Except DNI is permitted to issue a certification saying that there are operational reasons why he can’t provide that last bit — how many are in the US. Thus, 4 years after refusing to tell John Bates how many Americans’ communications NSA was sucking up in upstream collection, Clapper is now getting the right to continue to refuse to provide that ratified by Congress. And remember — Bates also said that if the government didn’t know it was collecting that content domestically, then it wasn’t really in violation of 50 USC 1809(a). So by ensuring that it doesn’t have to count this, Clapper is ensuring that he can continue to conduct illegal domestic surveillance.

Don’t worry though. The bill includes language that says, even though this provision permits the government to continue conducting illegal domestic collection, “Nothing in this section affects the lawfulness or unlawfulness of any government surveillance activities described herein. ”

Back Door Searches

(iv) the number of search terms that included information concerning a United States person that were used to query any database of the contents of electronic communications or wire communications obtained through the use of an order issued pursuant to section 702; and

(v) the number of search queries initiated by an officer, employee, or agent of the United States whose search terms included information concerning a United States person in any database of noncontents information relating to electronic communications or wire communications that were obtained through the use of an order issued pursuant to section 702;

This language counts back door searches.

But later in the bill, the FBI — which we know does the bulk of these back door searches — is exempted from all of this reporting. As I noted in this post, effectively the Senate is saying it’s no big deal of FBI doesn’t track how many warrantless searches of US person content it does, even of people against whom the FBI has no evidence of wrongdoing.
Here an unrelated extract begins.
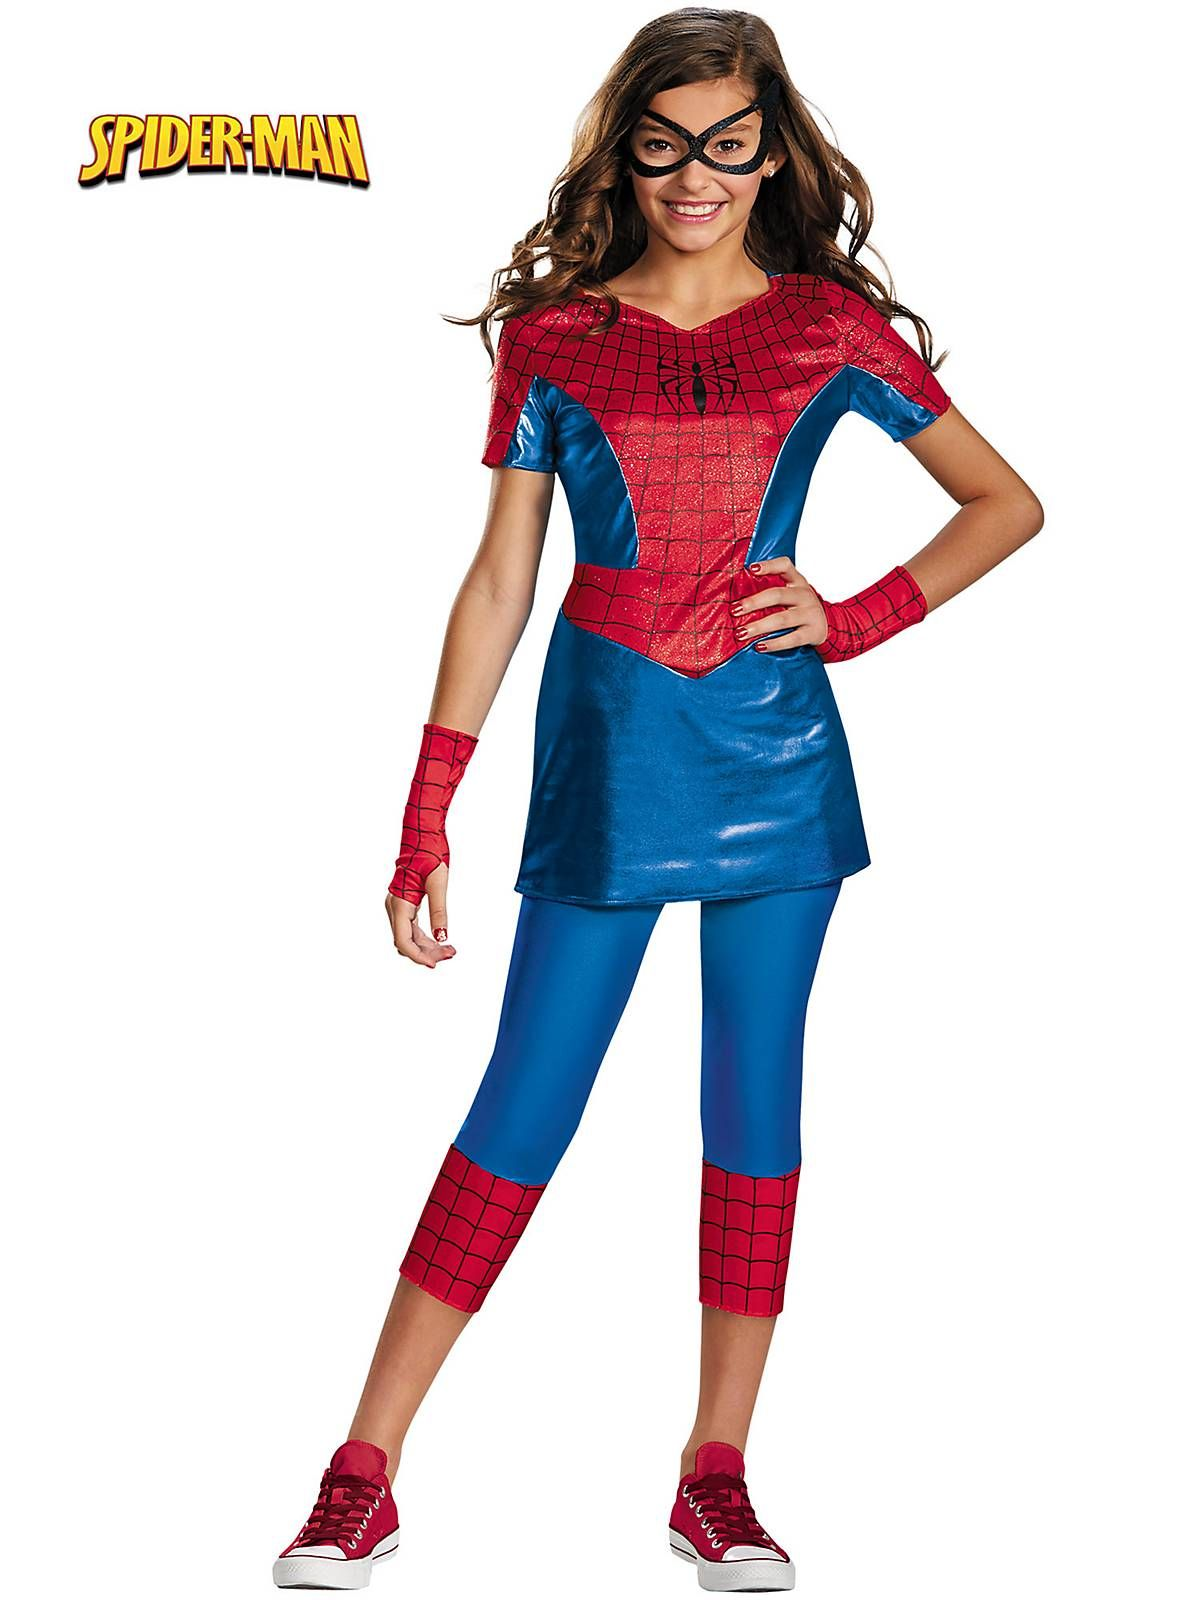 Girl's SpiderGirl Tween Costume! See more costume ideas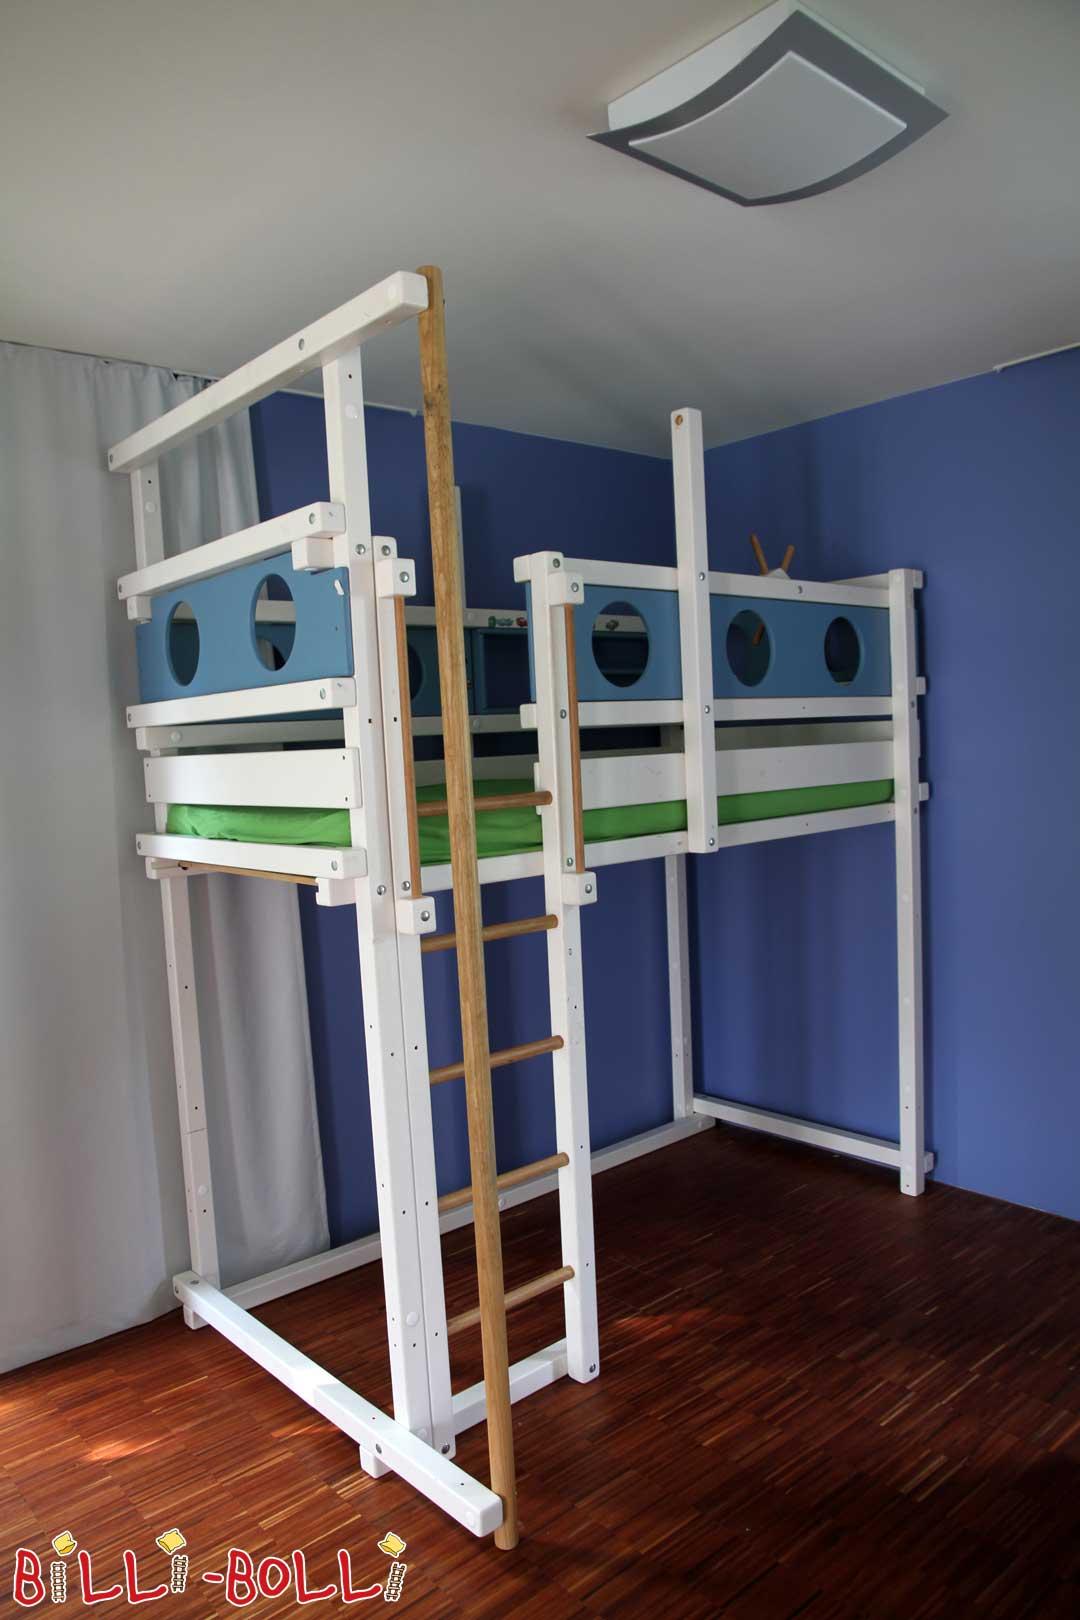 Full Size of Sprossenwand Kinderzimmer Klettern Am Hochbett Oder Etagenbett Billi Bolli Regal Weiß Sofa Regale Kinderzimmer Sprossenwand Kinderzimmer

In addition, note that odd limit to (v). DNI only has to report metadata searches “initiated by an officer, employee, or agent” of the United States. That would seem to exempt any back door metadata searches by foreign governments (it might also exempt contractors, but they should be included as “agents” of the US). Which, given that CIA doesn’t currently count its metadata searches, and given that CIA conducts a bunch of metadata searches on behalf of other entities, leads me to suspect that CIA may be doing metadata searches “initiated” by foreign governments. But that’s a guess. One way or another, though, this clause was written to not count some of these metadata searches. [Update: On reflection, that language may be designed to avoid counting automated processes as searches -- if they're initiated by a robot rather than an employee they're not counted!]

Pen Register Orders

C) the total number of orders issued pursuant to title IV and a good faith estimate of—

(i) the number of targets of such orders;

(ii) the number of individuals whose communications were collected pursuant to such orders; and

(iii) the number of individuals whose communications were collected pursuant to such orders who are reasonably believed to have been located in the United States at the time of collection;

This language counts how many Pen Register orders the government obtains, how many individuals get sucked up, and how many are in the US, both of which are additions on what ODNI reported this year.

Screen Shot 2014-09-10 at 10.50.08 AM

But that last bit — counting people in the US — is again a permissible exemption under the bill. Which is, as you’ll recall, the other way NSA has been known to engage in illegal domestic content collection. The only known bulk pen register is currently run by FBI, but in any case, the exemption has the same effect, of permitting the government from ever having to admit that it is breaking the law.

Traditional Section 215 Collection

(D) the total number of orders issued pursuant to applications made under section 501(b)(2)(B) and a good faith estimate of—

(i) the number of targets of such orders;

(ii) the number of individuals whose communications were collected pursuant to such orders; and

(iii) the number of individuals whose communications were collected pursuant to such orders who are reasonably believed to have been located in the United States at the time of collection;

This requires DNI to report on traditional Section 215 orders, but the entire requirement is a joke on two counts.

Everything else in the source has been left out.